Une cliente du salon de coiffure

"Pour l'élection présidentielle, je n'ai pas d'avis. Je ne m'y connais pas assez pour en avoir un", estime la cliente. Quant à Alexandra, elle trouve qu'il faudrait "quelqu'un qui pense au peuple avant de penser à lui".

"Je n'ai pas d'attente particulière", lâche finalement la cliente, installée à Ruffec depuis 55 ans. Elle observe juste les premiers changements dans sa ville avec la nouvelle municipalité. "Y a un peu de mieux, croit-elle pouvoir dire. Mais il faut du temps et il y a pas mal de choses à faire à Ruffec !" La coiffeuse opine du chef : "Il y a toujours ce souci de parking, mais je trouve que la ville est plus propre qu'avant."  

"J'ai vu beaucoup de magasins fermer au fil des années, se souvient maintenant la cliente. On a moins de docteurs aussi. Et puis, l'hôpital, on ne veut pas qu'il ferme. Il faut que l'on garde nos Urgences. Poitiers ou Angoulême, pour une urgence, ça fait loin quand même. Avant, on avait même une maternité, mais ça a fermé. Je ne comprends toujours pas. Avec toutes les communes alentour !"

Philosophe, elle conclut en reprenant son manteau et son sac : "On a eu le bon, faut prendre le mauvais." 

La vie d'après

Sur la place, au Bistrot central, Chérifa Vallade a le sentiment d'être déjà "entré[e] dans la vie d'après". "On vit une vie différente de notre vie d'avant. Tout change : les comportements, les habitudes." Nicolas, son conjoint et cuisinier, approuve : "Avant, on allait à 100 à l'heure. Je pensais que ça irait moins vite. Et bien non. Tout va encore plus vite. Ça n'a pas freiné les gens."

"On a vu des gens devenir agressifs. On nous a enfermés plusieurs mois, on nous a privés de ces plaisirs-là, de sorties, je pensais que les gens allaient comprendre qu'on avait cette liberté [de sortir] !"

Travailler sur soi

"Le Covid, on n'a que ça à la bouche, lance Silvana Delaunay, qui vient d'ouvrir un nouveau lieu culturel dans une ruelle du centre-ville : L'Electron libre, un bar aromatique où elle expose le travail d'artistes, dont actuellement, les toiles de Jean-Marie Seiller (Chauvigny, Vienne). C'est comme si tout le reste avait disparu. On se focalise sur les vaccinés, les non-vaccinés 'qui-mettent-en-danger-la-vie-des-autres', ça rend suspicieux !"

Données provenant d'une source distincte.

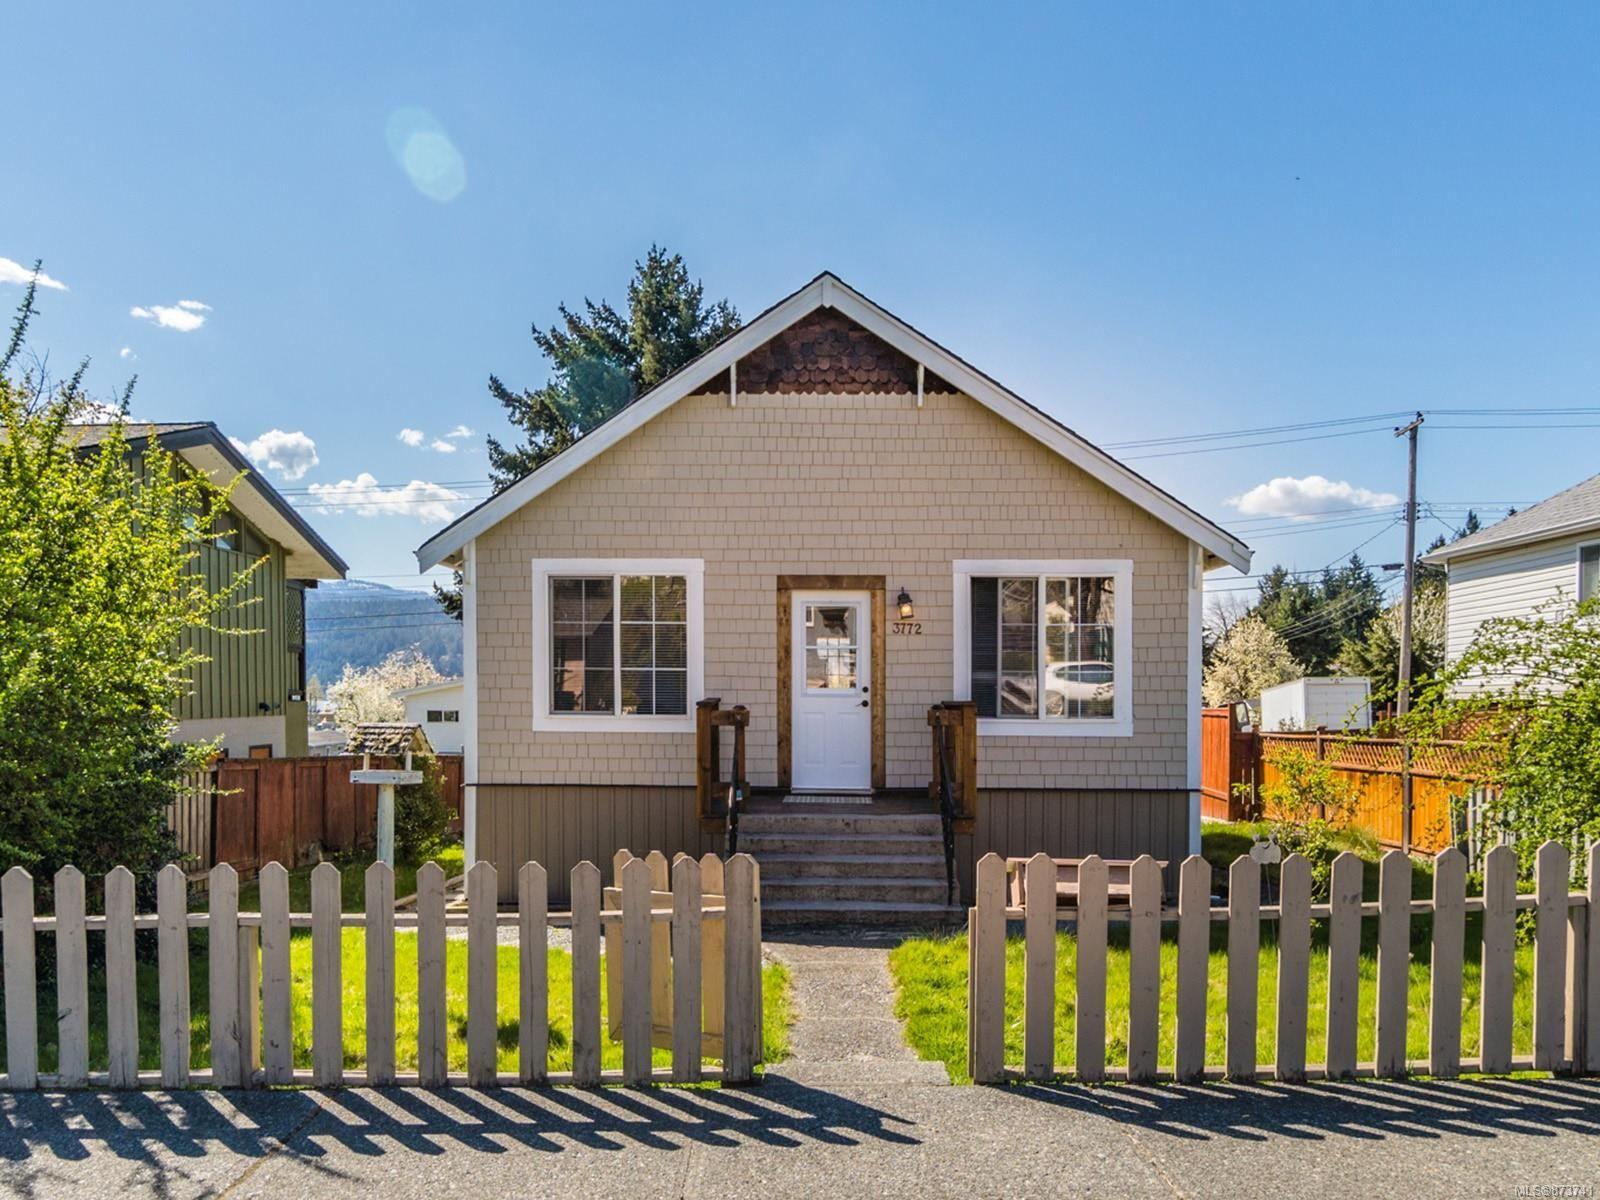 Main Photo: 3772 6th Ave in : PA Port Alberni House for sale (Port Alberni)  : MLS®# 873741

Egalement photographe et hypnothérapeute, elle observe qu'avec la pandémie et les différents confinements, "les gens ont déclenché plein de choses, des peurs qui se sont réveillées". Puis elle précise : "Vous savez, le fait de se retrouver face à soi-même, se retrouver enfermé chez soi, c'est un traumatisme quand même. Nombreux sont ceux qui l'ont vécu comme ça."

Pour elle, "il faut travailler sur soi" avec pour objectif, de "regarder plus loin", se "détacher" du bruit ambiant pour réfléchir sereinement à la construction de ce "monde d'après".